# EXERCISE INSTRUCTIONS:
Print all the data that follows exactly, images excluded.
── DATA EXTRACT
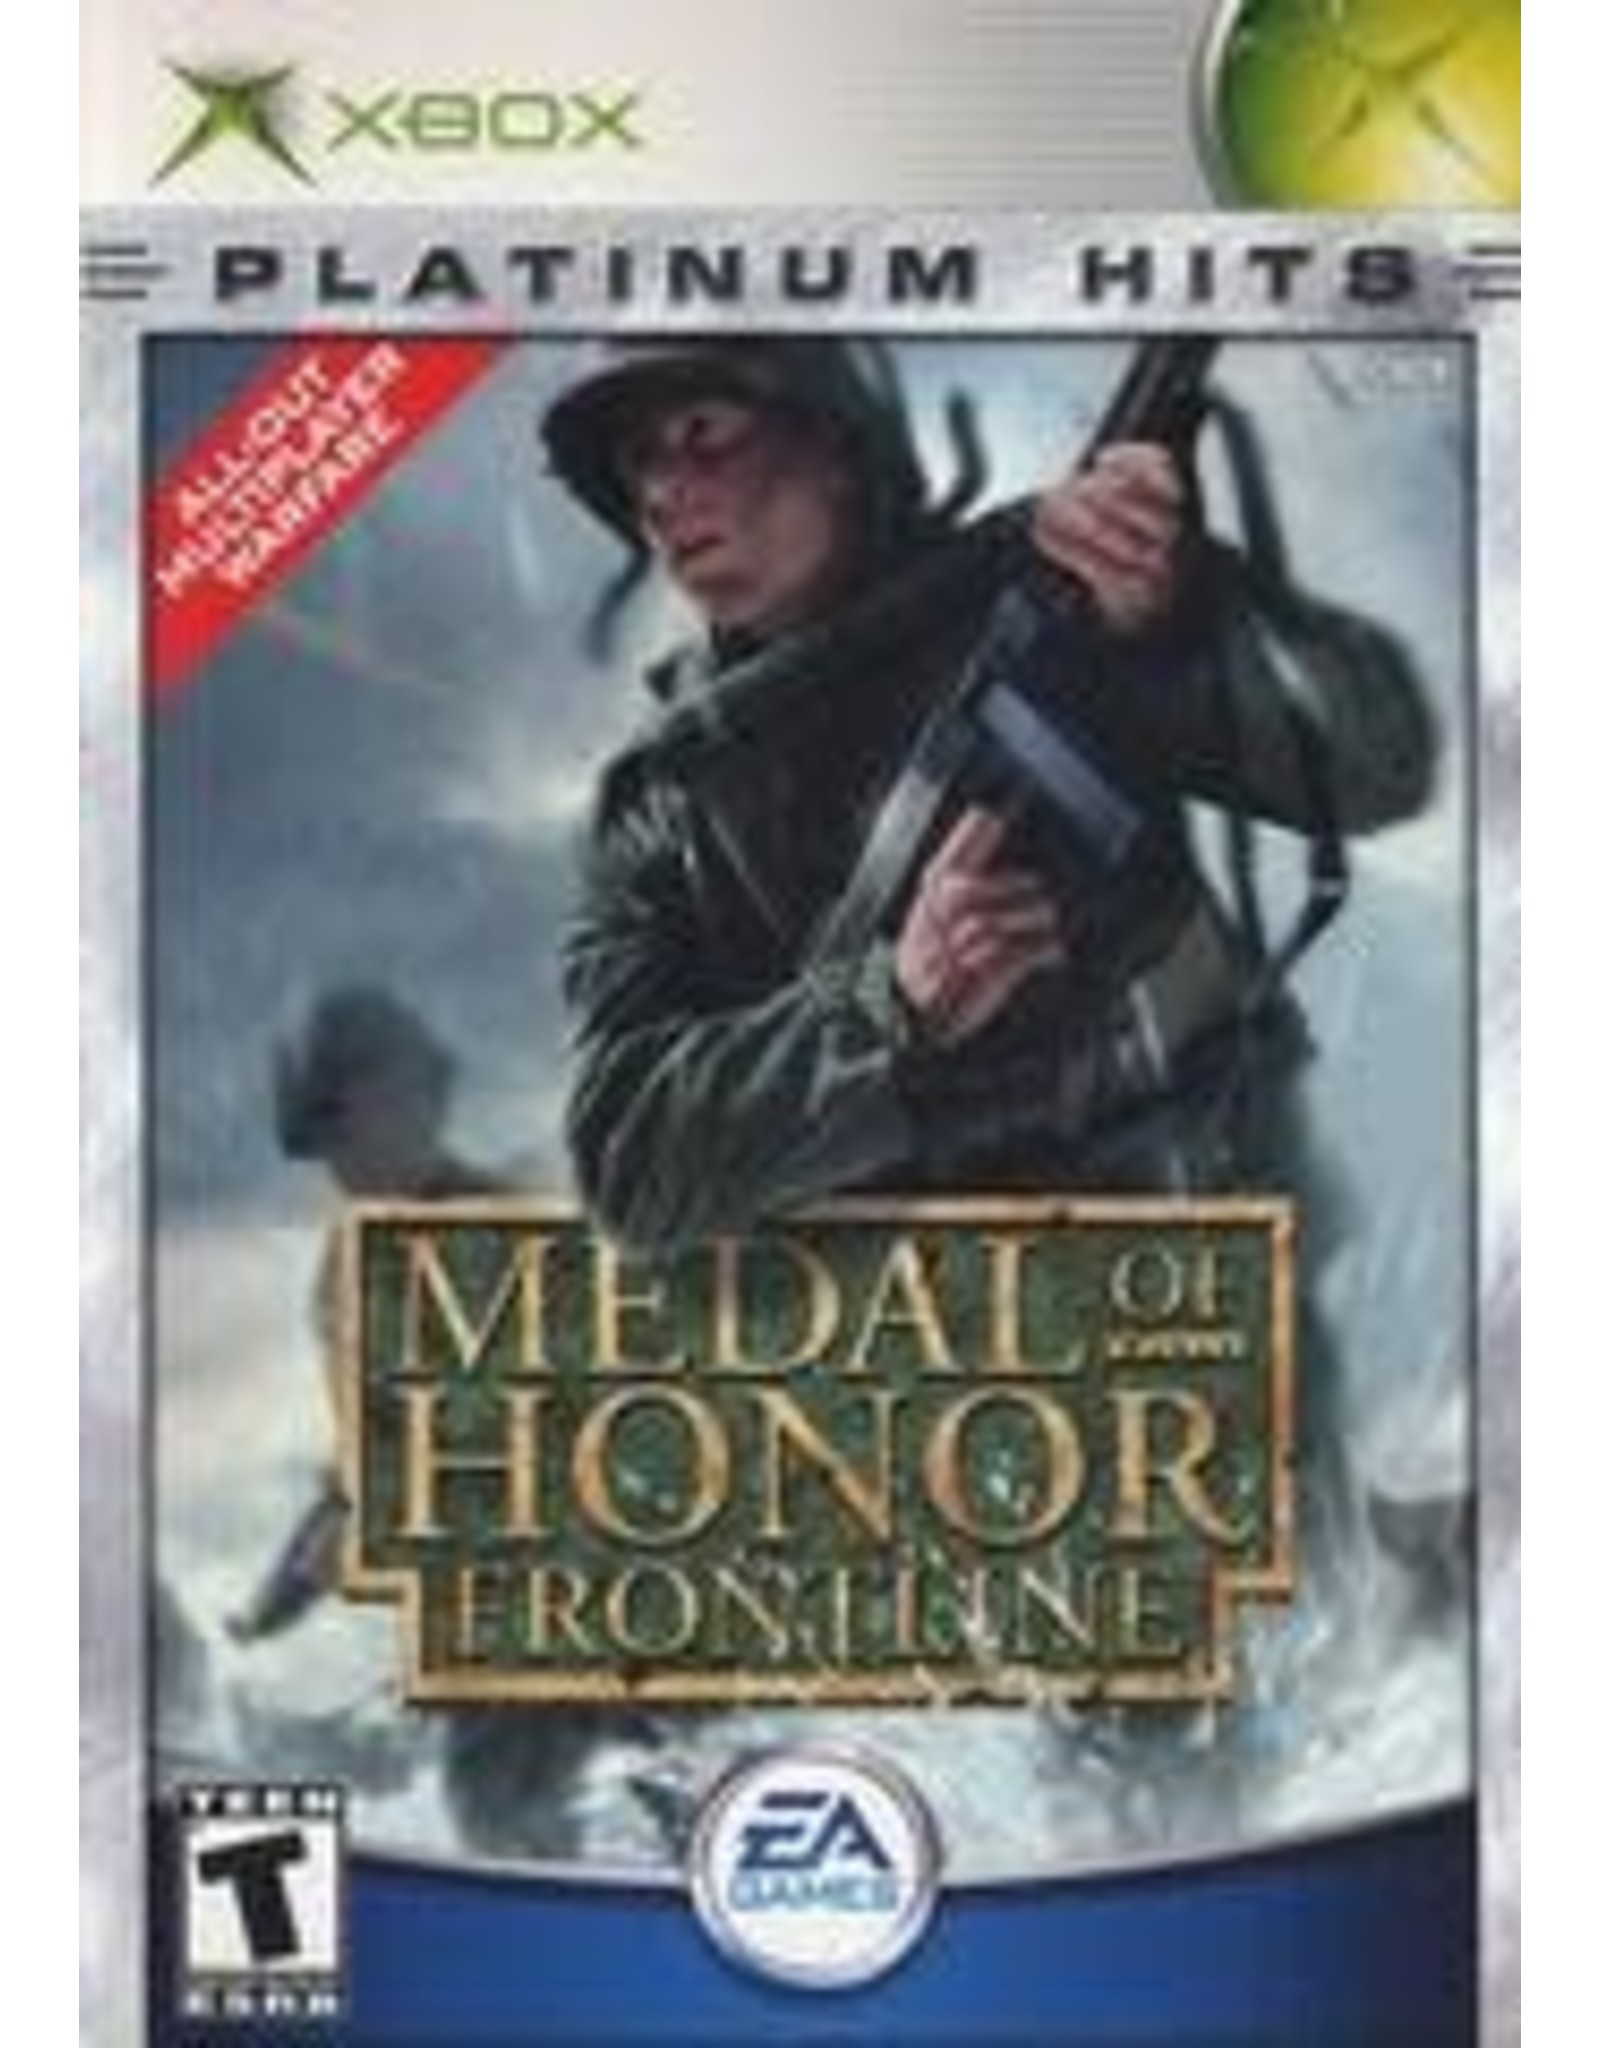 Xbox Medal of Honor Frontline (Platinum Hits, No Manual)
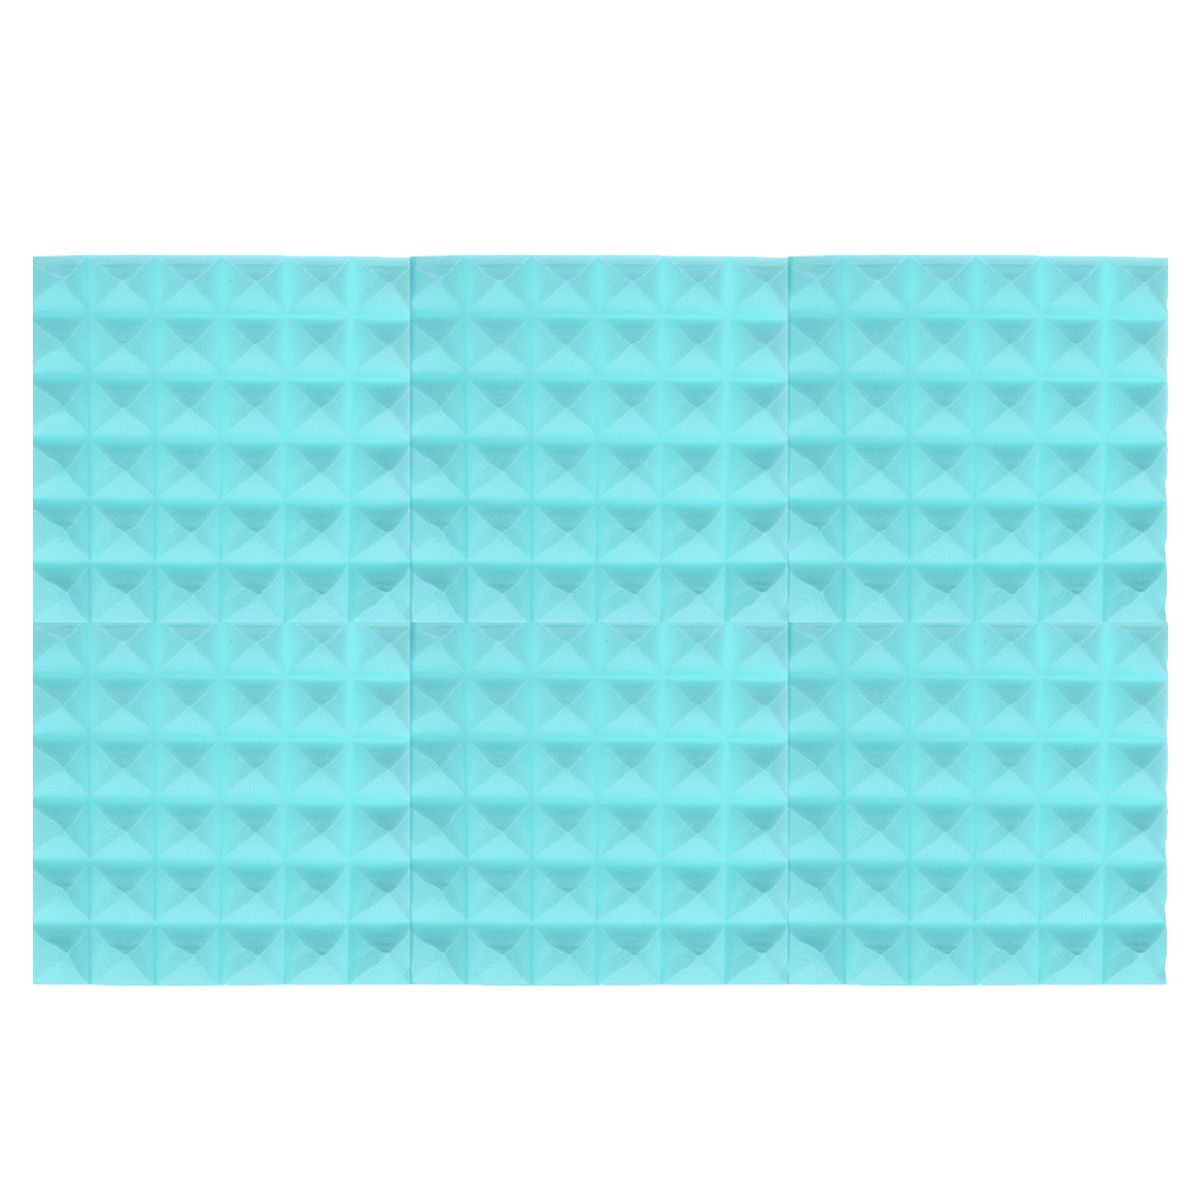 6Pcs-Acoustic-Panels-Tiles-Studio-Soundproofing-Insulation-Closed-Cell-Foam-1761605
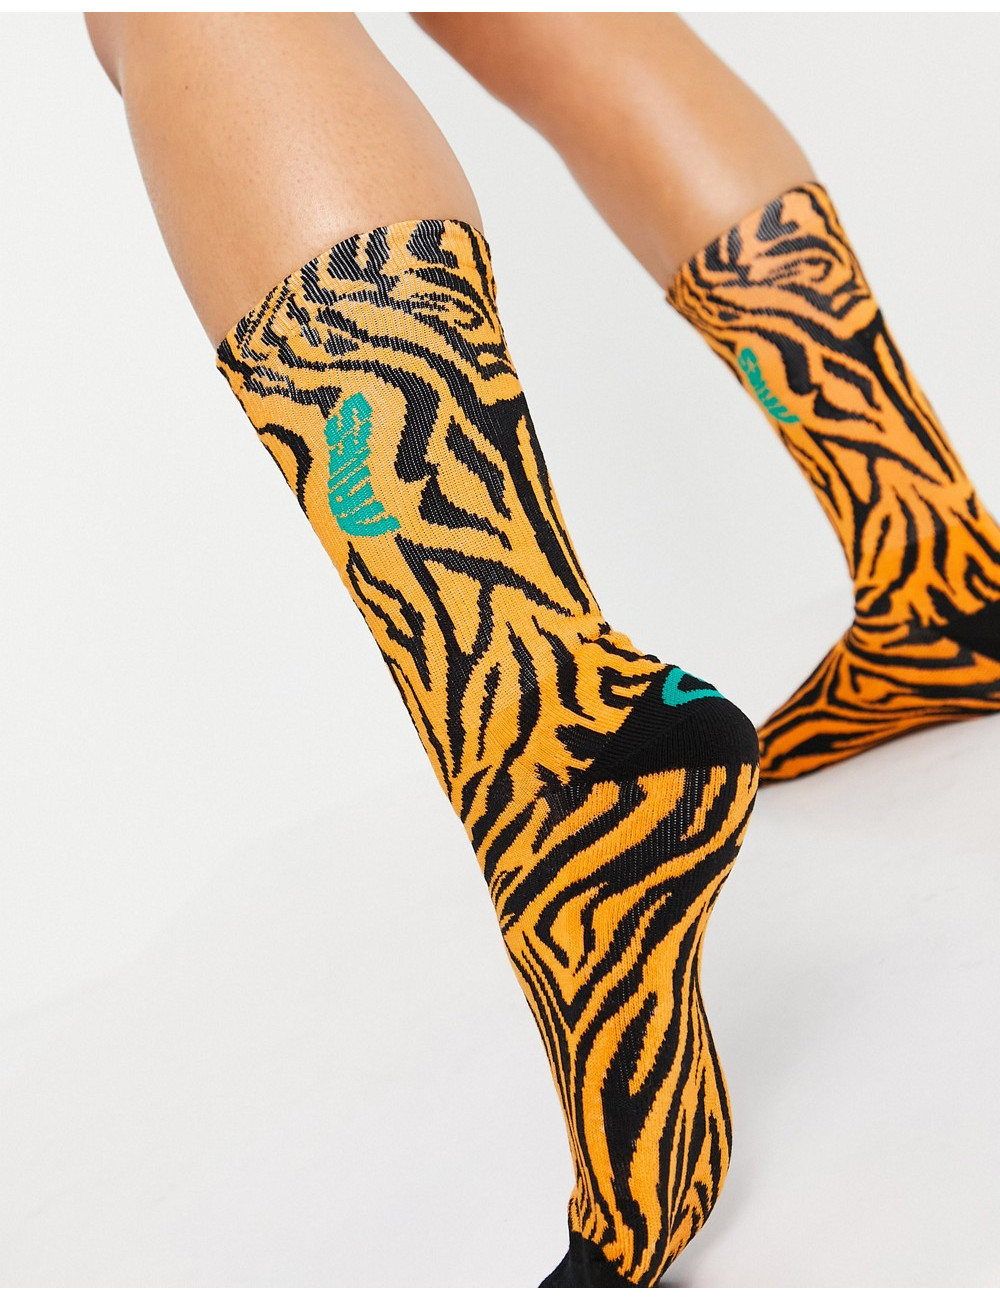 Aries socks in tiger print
────
# ANSWER SPACE:
 Xbox Medal of Honor Frontline (Platinum Hits, No Manual)
 6Pcs-Acoustic-Panels-Tiles-Studio-Soundproofing-Insulation-Closed-Cell-Foam-1761605
 Aries socks in tiger print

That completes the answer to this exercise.